Data collection process

All authors used an electronic data collection form to collect the required data from each of the articles. The data was then combined and managed with software Review Manager 5.4.

Data items

The data items were the author’s name, year of publication, type of study, population, doses of vitamin D, duration of vitamin D administration, sample size, age, baseline HOMA-IR and baseline vitamin D levels.
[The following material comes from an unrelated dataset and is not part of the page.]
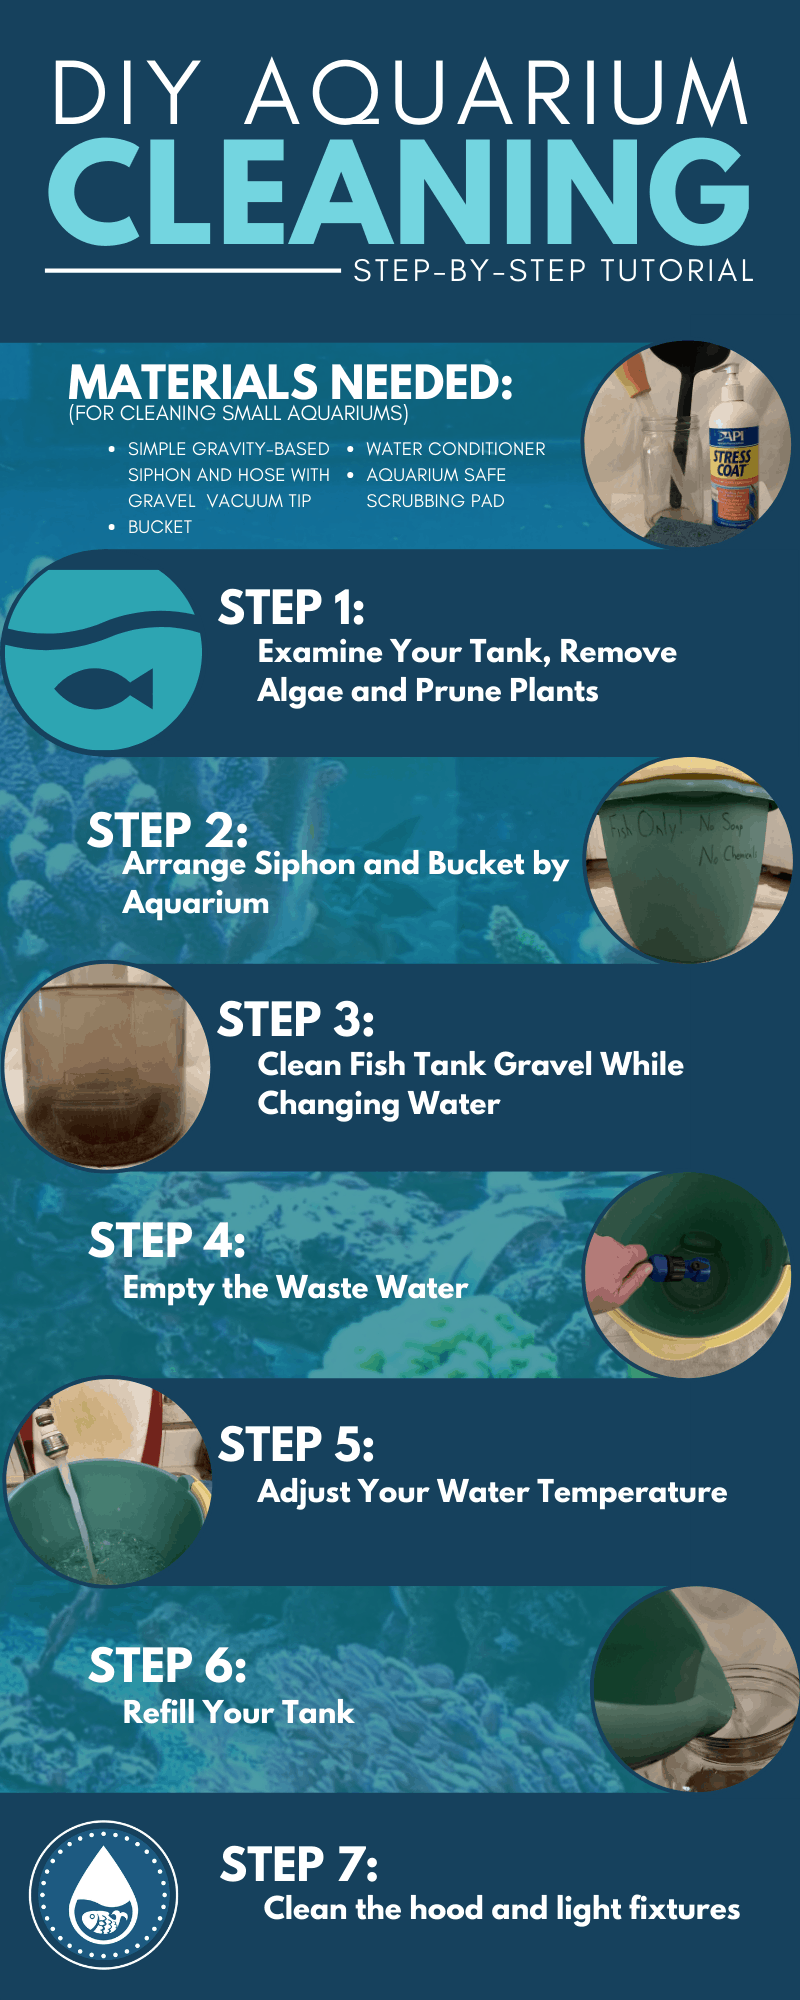 DIY Aquarium Cleaning—Step-by-Step Tutorial - Infographic
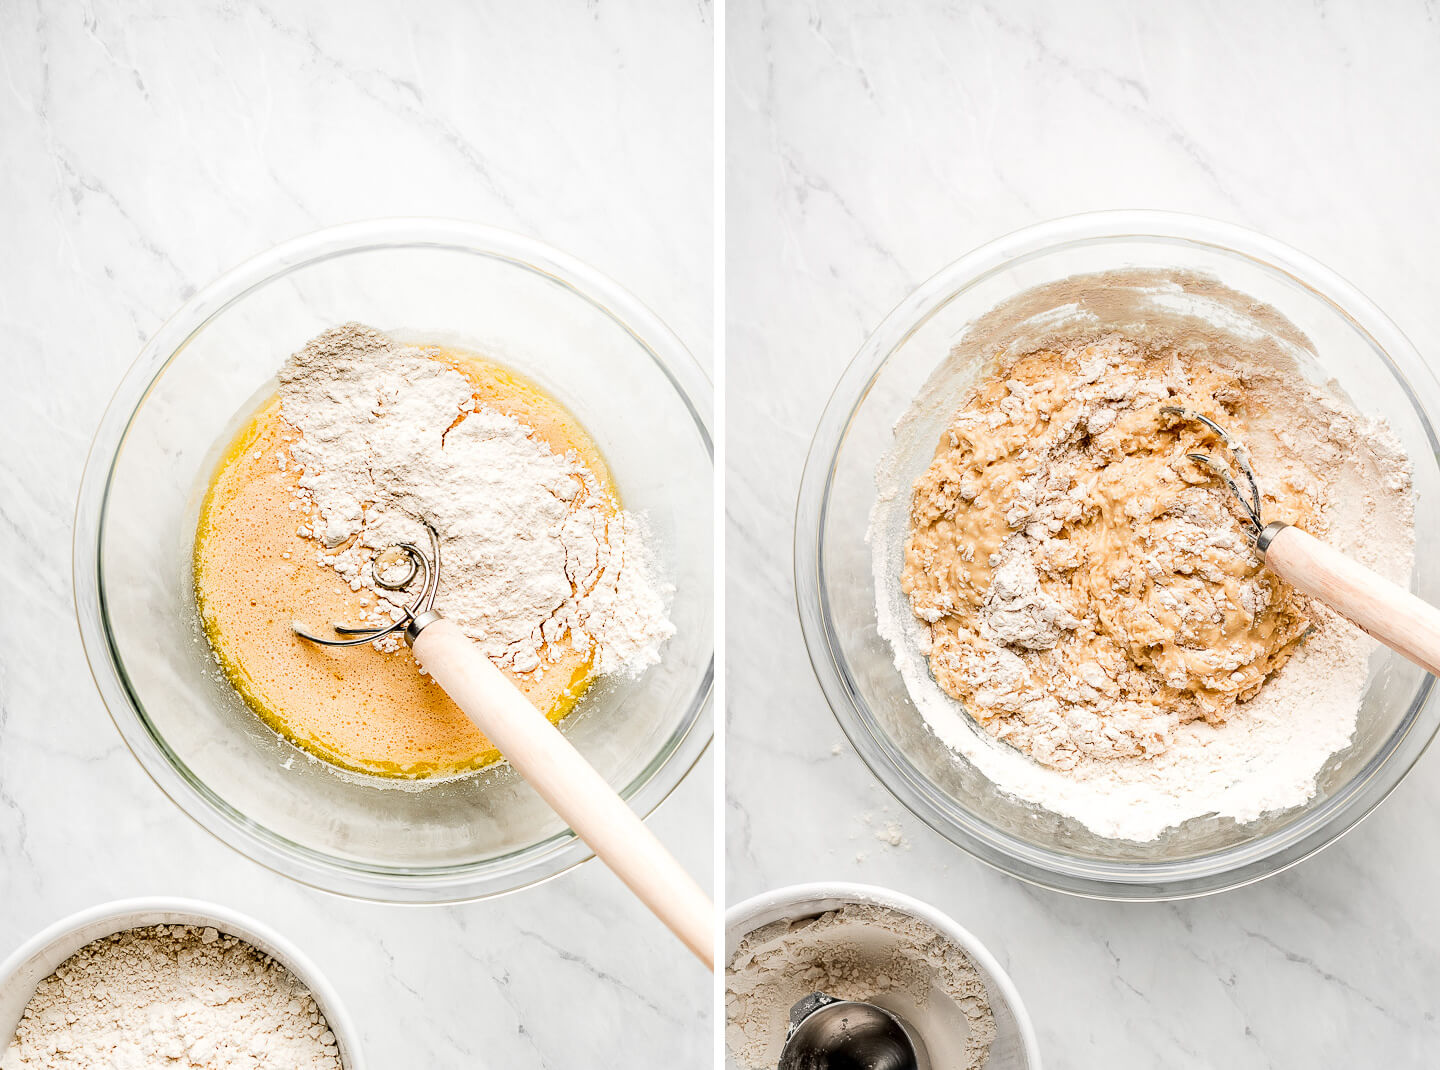 Diptych- Mixing flour into a bowl yeast, butter, and water with a danish whisk; more flour added to the bowl to create a dough.

The mean difference of HOMA-IR after and before administration of vitamin D in both treatment and control groups for the respective duration were performed the meta-analysis.

Assessment of quality of study

To ensure the quality of all articles which complied with the eligibility criteria for this review, a standardized critical appraisal tool was utilized. This process, which aimed to minimize the likelihood for bias in study selection, was performed independently by two authors (DAS and IKM).

The critical appraisal tool employed for this review was Cochrane Collaboration’s risk-of-bias method.

Synthesis of result

The mean difference of HOMA-IR in NAFLD patients with administration and without administration of vitamin D was pooled and analyzed. If data presented as median with Q1 and Q3 or range, the mean was calculated using calculator, according to Luo et al. and Wan et al.[28,29] The effect size reported as mean difference with 95% confidence interval (CI). Either fixed or random effect model was used for the analysis. Heterogeneity was assessed using the I2 statistic, indicating what proportion of the variation in observed effects across studies is due to the variation in true effects, with values > 60% indicating substantial heterogeneity. If the heterogeneity was > 60%, additional analyses were conducted with meta-regression analysis and sensitivity analysis. Sensitivity analysis conducted with leave-one-out method (removing one study each time and repeating the analysis). A p value of < 0.05 was considered significant. Meta-analysis was conducted using software Review Manager 5.4, sensitivity analysis performed with a statistical software package (Stata 17.0 for Windows) and meta-regression performed with Comprehensive Meta-Analysis Software Version 3.